Now, I'm only planning on having the car for 2-3 months, what are my best options here?

Do any companies let you do monthly at a reasonable price? Are most companies happy to refund you the remainder of your policy if you do cancel?


----------



## Alzak (Aug 31, 2010)

Do You buy any cheaper car after this BMW ? If so will not be better for You to just swap cars on policy ?


----------



## bildo (Mar 29, 2008)

I've already got 2 cars with 2 different policies, I'll probably be narrowing down to just my daily driver for the time being until I know what I want to do.


----------



## bildo (Mar 29, 2008)

Really need help with this guys, it runs out at midnight tonight!


----------



## Shiny (Apr 23, 2007)

Not many companies offer short period policies. Those that do usually have a higher short period rate than the equivalent pro-rata annual rate, so you might find that a 3 month policy could cost something like 45/50% of the insurers annual rate. It is a very limited market so you could be paying well over the odds. 

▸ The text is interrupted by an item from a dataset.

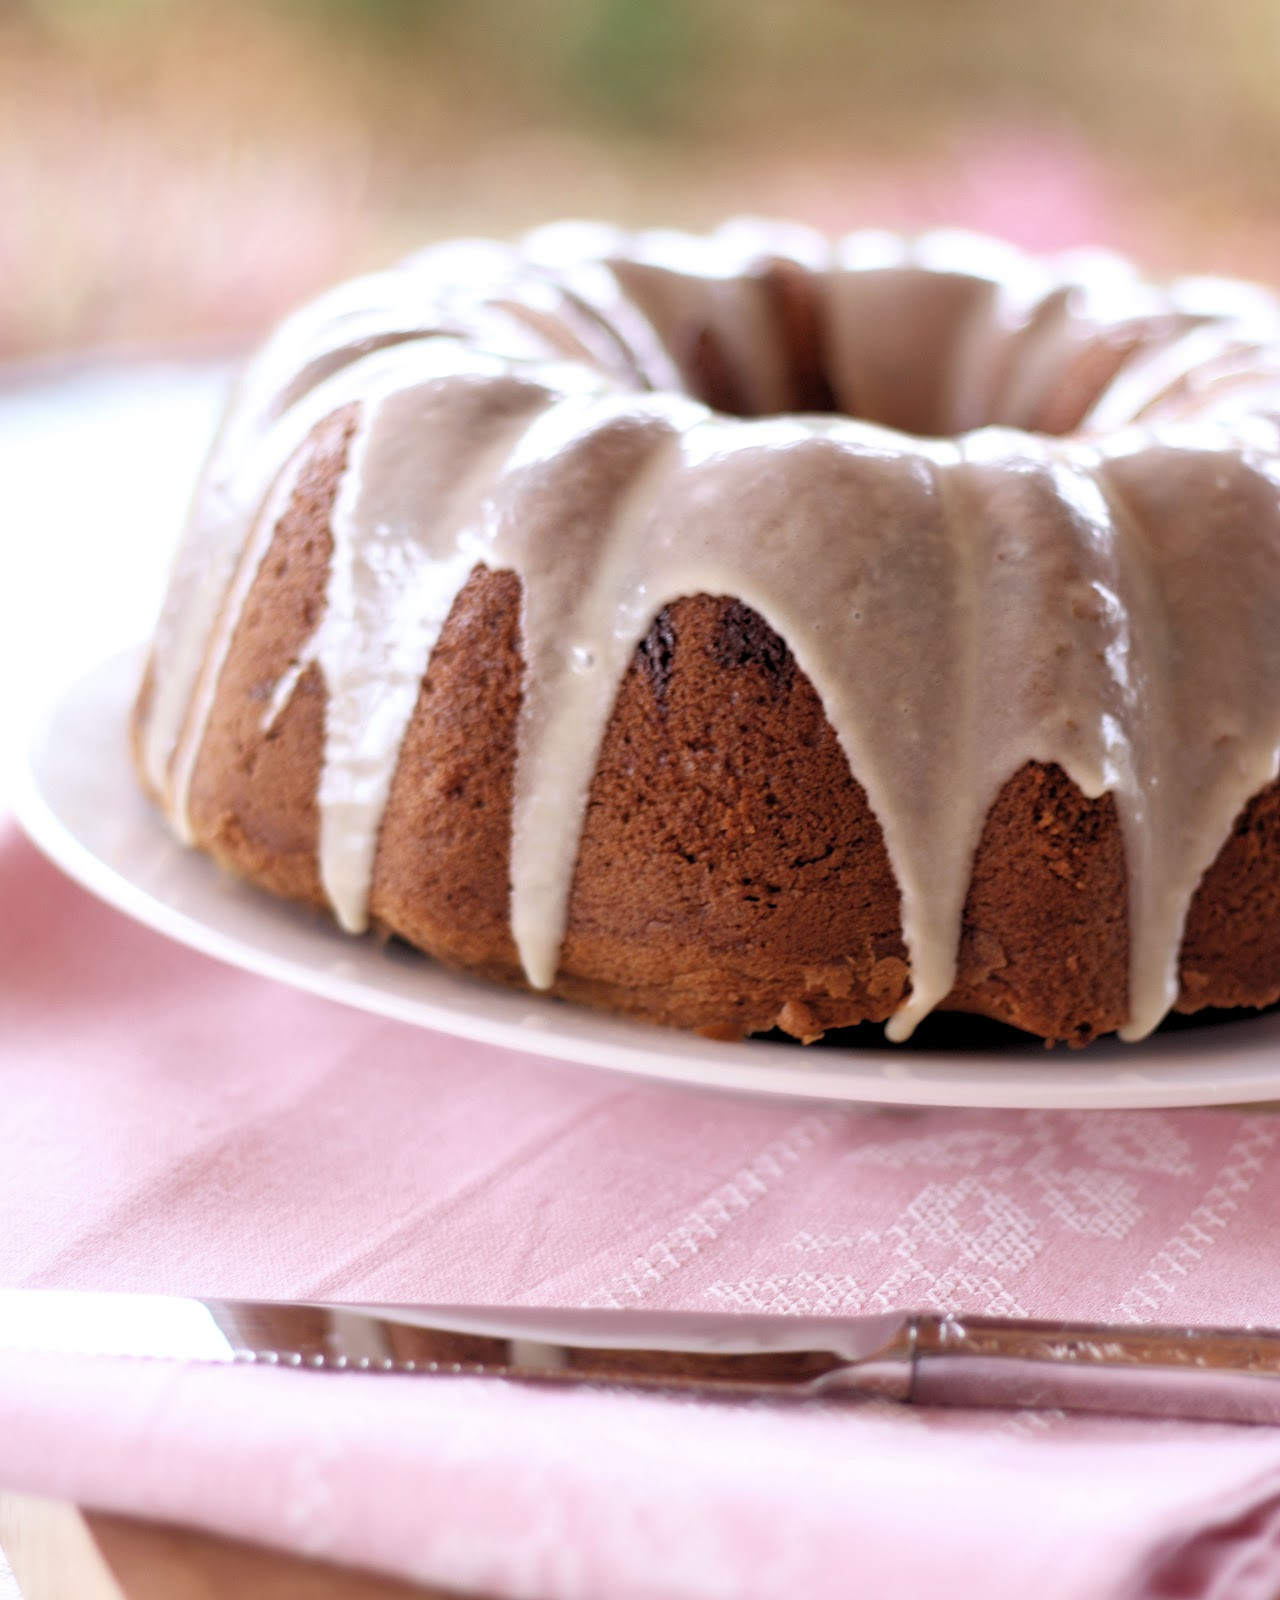 Pound Cake Glaze  Brown Sugar and Chocolate Chip Pound Cake with Maple Glaze
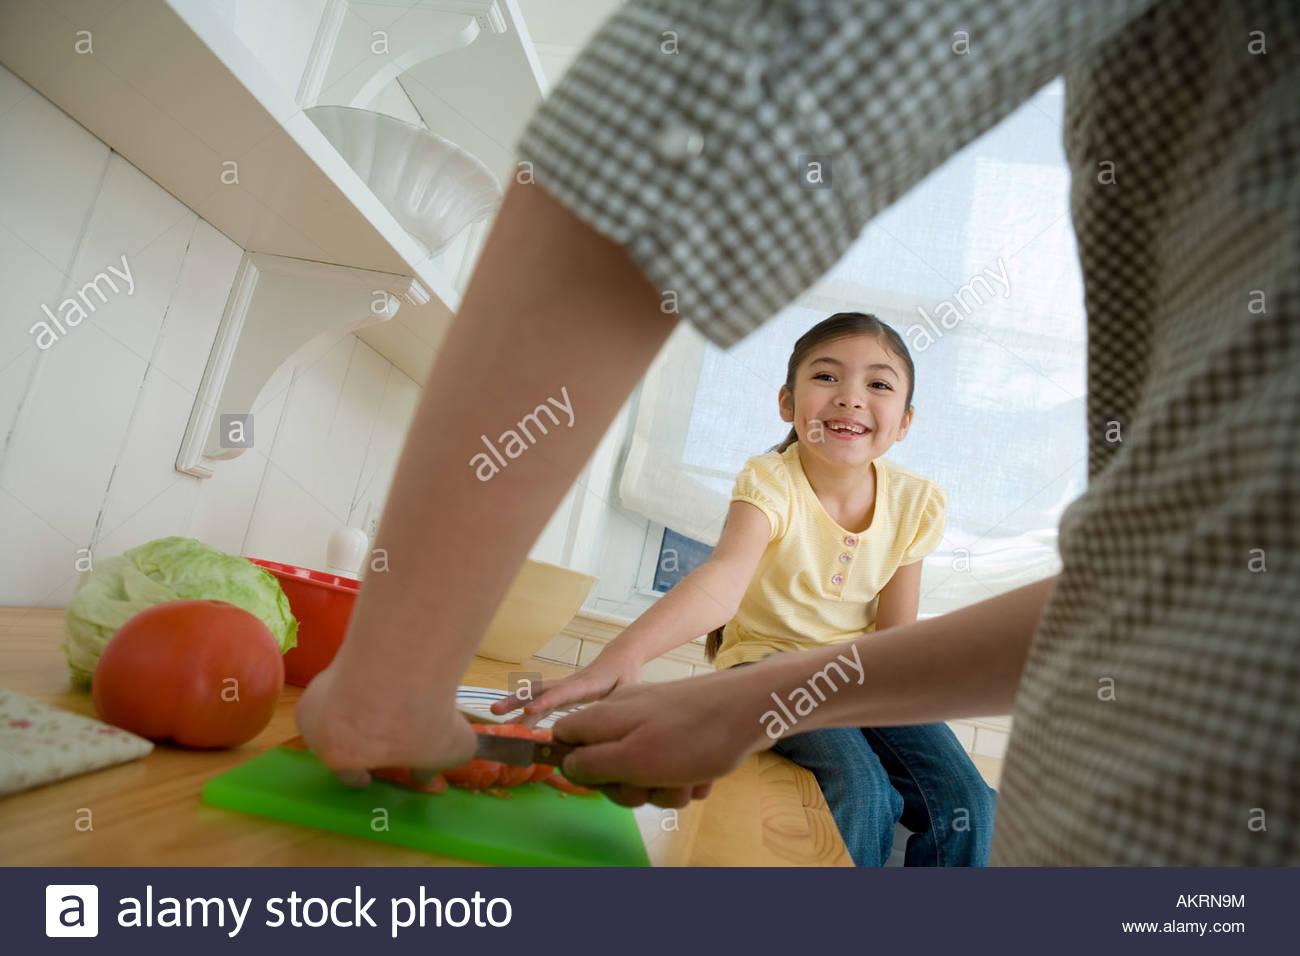 Una chica se sentó sobre una encimera Imagen De Stock

You could look at one these "day-insure" type policies that cover up to 30 days, but three lots of them will cost a small fortune no doubt.

The other option is to renew or take out an annual policy and cancel it when the car is sold. A short period cancellation scale will be contained in the policy booklet. This will be the insurers charge for the cover provided. On top of this there may be provider cancellation fees, these will be detailed in a Toba. 

As a general indication, if an annual policy is cancelled, Insurer cancellation scales are circa 30% charge for 1 month's cover, 40% for 2 months, 50% for 3 and so on. This can vary from insurer to insurer though, plus you will probably have any additional provider fees for cancellation, which varies depending on where you bought your insurance from.

If it is a renewal, "some" insurers only charge short period rates in the first year, so they may give you a pro-rate refund if the policy is renewed and then subsequently cancelled later. Again this depends on the insurer. 

As a word of warning though, if you take out an annual policy and a claim occurs, if this is a "fault" claim (ie where the insurers have not made a full recovery) or if the claim is unresolved at the point of cancellation, you will NOT get any refund on cancellation, so the full annual premium will be payable regardless of when you cancel. If the claim was non fault and subsequently settled with a full recovery at a later date, you should then get your refund on the cancelled policy. 

You can't guarantee you won't have an accident, so have to be aware that you may still end up paying the premium for the year even if you sell your car and cancel the policy in a couple of months time.


----------



## bildo (Mar 29, 2008)

Thanks Shiny, very interesting and informative post.

My best quote was with Flux Direct, they were around £150 cheaper than Admiral, however Admiral's cancellation fee is £47.50, compared to Flux Direct seemingly not giving any form of refund at all after the initial 14 days!!

Needless to say I decided to settle with Admiral!


----------